A committee under the Transport Ministry will investigate the air traffic control supervisor who fell asleep during the disappearance of flight MH370, says Datuk Seri Liow Tiong Lai. – FMT pic
A special committee under the Transport Ministry will investigate the supervising controller who fell asleep while on duty at the Kuala Lumpur Air Traffic Control Centre when flight MH370 disappeared from radar on March 8 last year, The Star reported today.
Transport Minister Datuk Seri Liow Tiong Lai said the matter was serious and the ministry had decided on a separate committee to probe into the finding in the interim safety investigation report on the Malaysia Airlines (MAS) flight, which is still missing after a year despite a massive undersea search.
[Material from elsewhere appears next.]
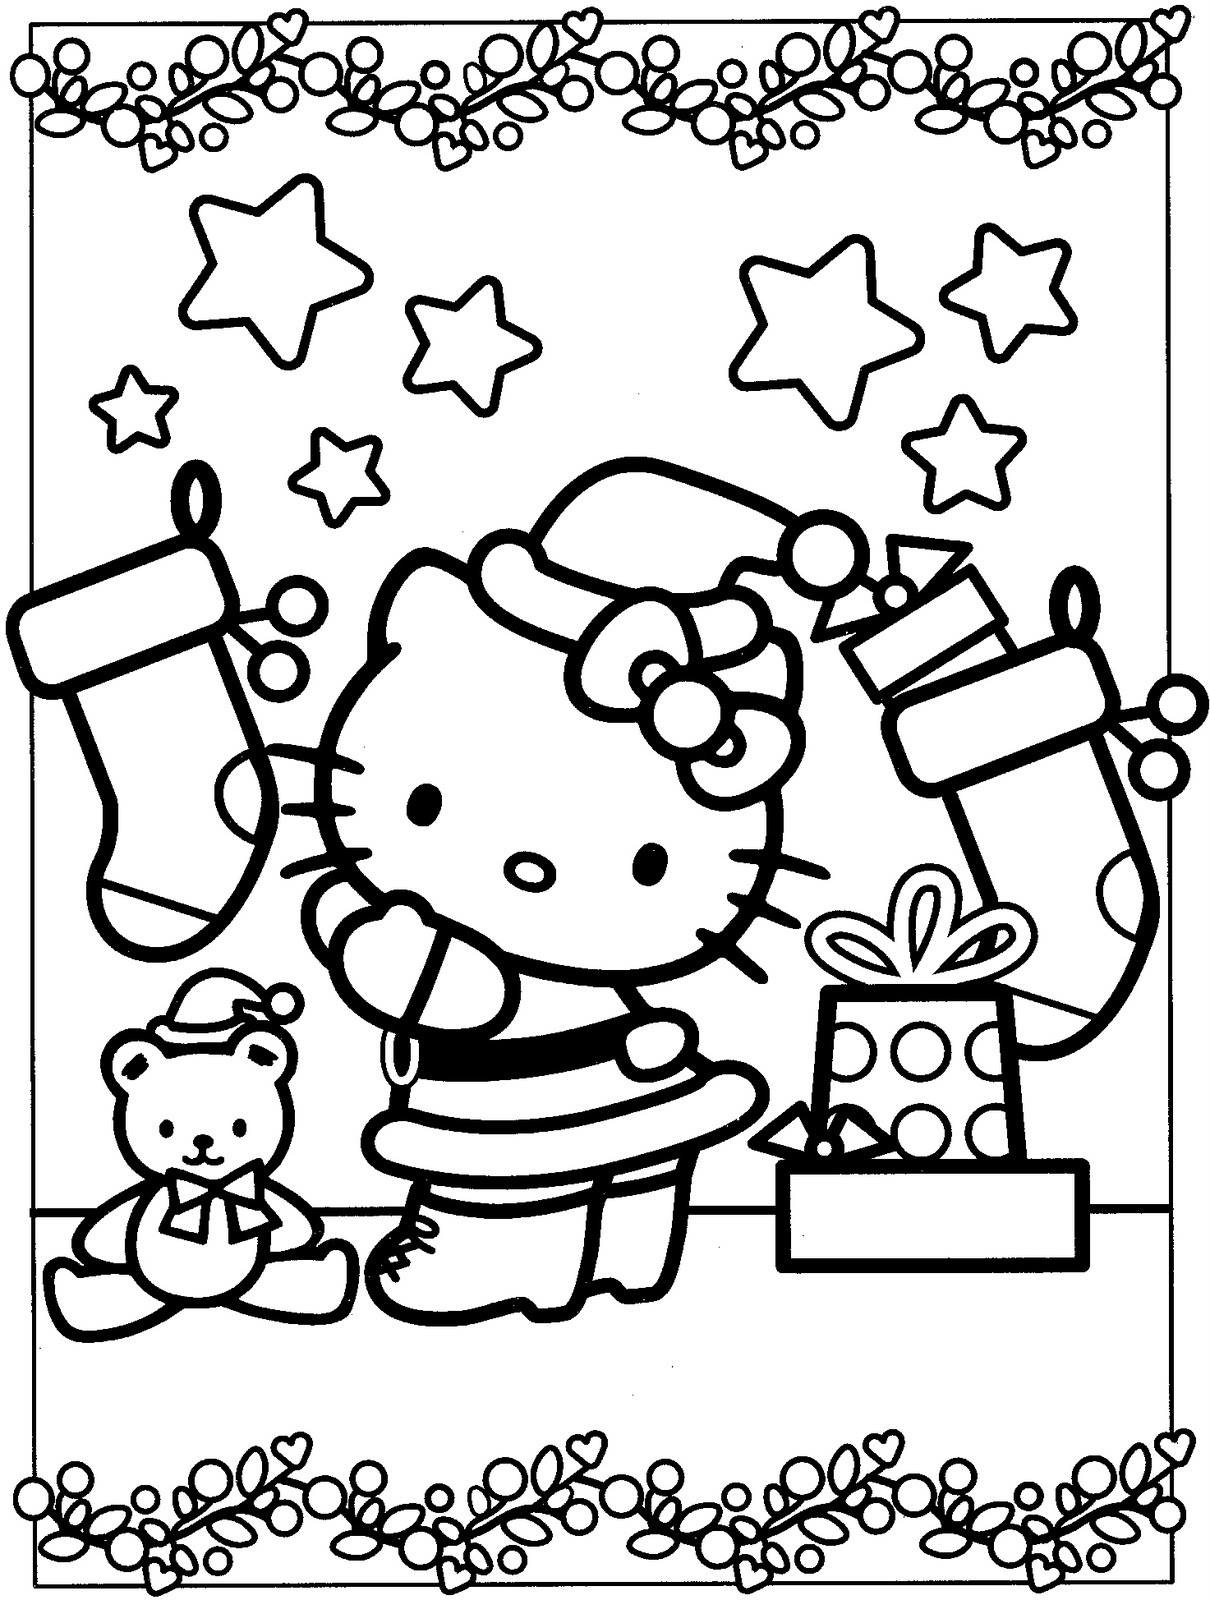 Mermaid Hello Kitty Coloring Pages at GetColorings.com ...

“This is very serious. We will investigate and take stern action on any wrongdoings,” The Star quoted him as saying after an event at Tunku Abdul Rahman University College in Kuala Lumpur today.
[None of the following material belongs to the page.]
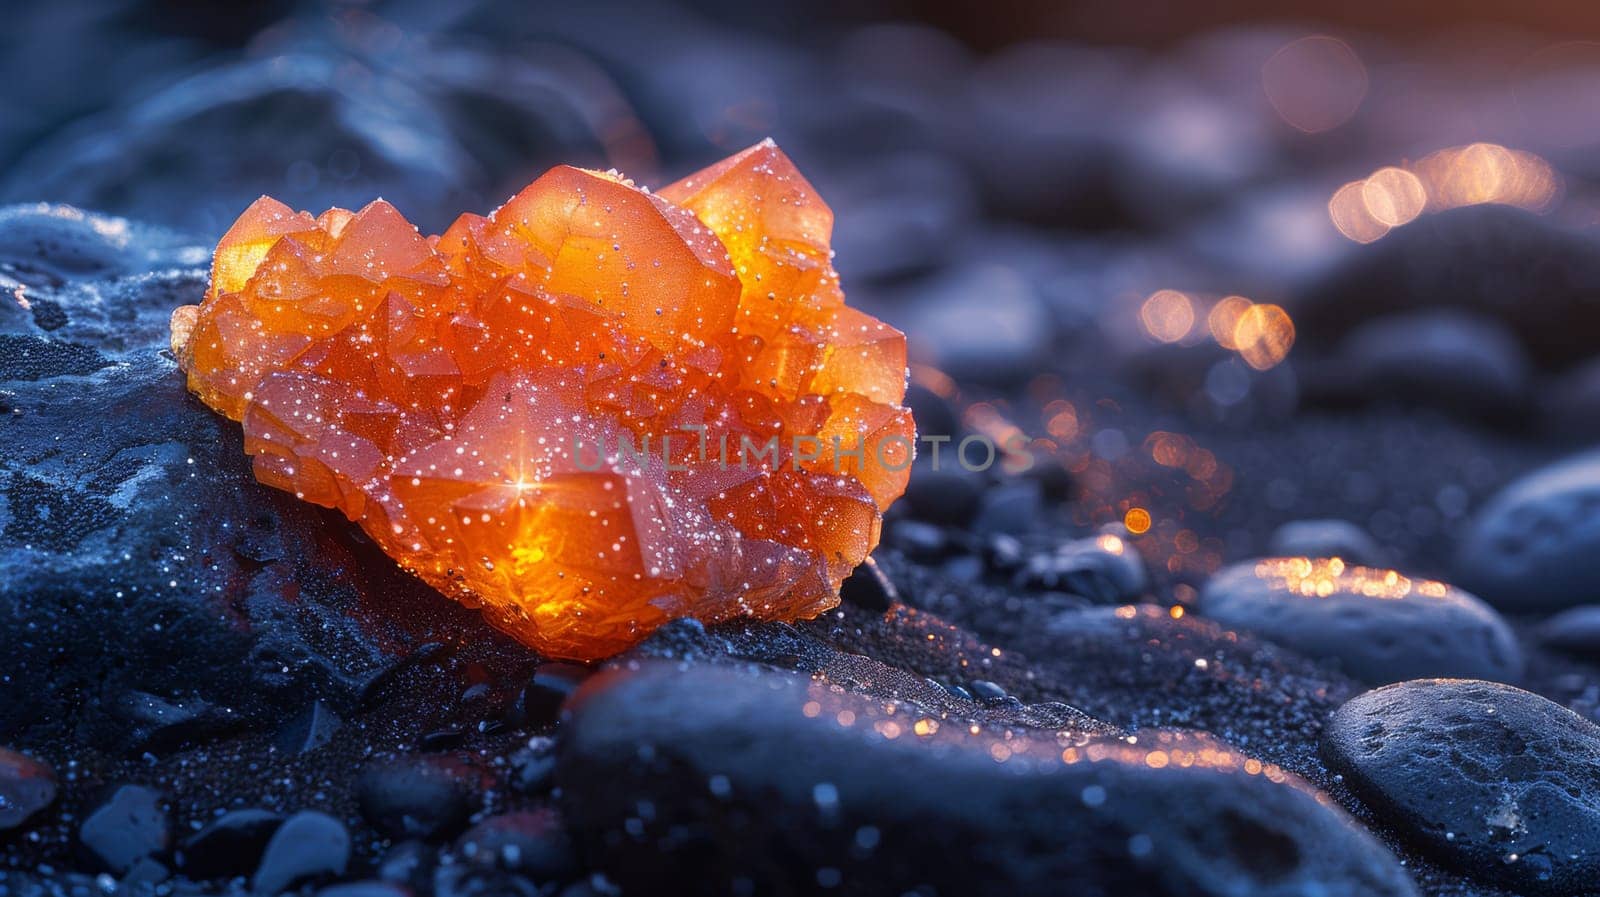 A close up of a orange rock sitting on some rocks, AI by starush

The interim report revealed a transcript of a telephone conversation between Kuala Lumpur’s air traffic control centre and the MAS operations room where it appeared that the control centre supervisor on duty went to sleep after flight MH370 vanished from radar.
By that time, air traffic control in Ho Chi Minh had already confirmed that it no longer had radar coverage of MH370 after Vietnamese civil aviation had tried to contact the plane for some 20 minutes.
The MAS operations room had asked the Kuala Lumpur control centre whether it had successfully handed over responsibility for the Beijing-bound flight to Vietnamese air traffic control, but the controller said he had just taken over duties and would have to wake up his supervisor in order to find out.
The interim report was released last Sunday, one year after the plane’s disappearance, as mandated by international laws on civil aviation on aircraft accident investigations.
The Star also reported that a working group between China, Australia and Malaysia on the incident would be held here this month, ahead of a ministerial meeting in April. The meetings will review the search efforts and plan the next course of action.
The 60,000 sq km undersea search in the southern Indian Ocean where the plane is believed to have ended is expected to end in May.
Liow has said previously that the search authorities would have to “go back to the drawing board” to decide what to do next if the plane is still not found.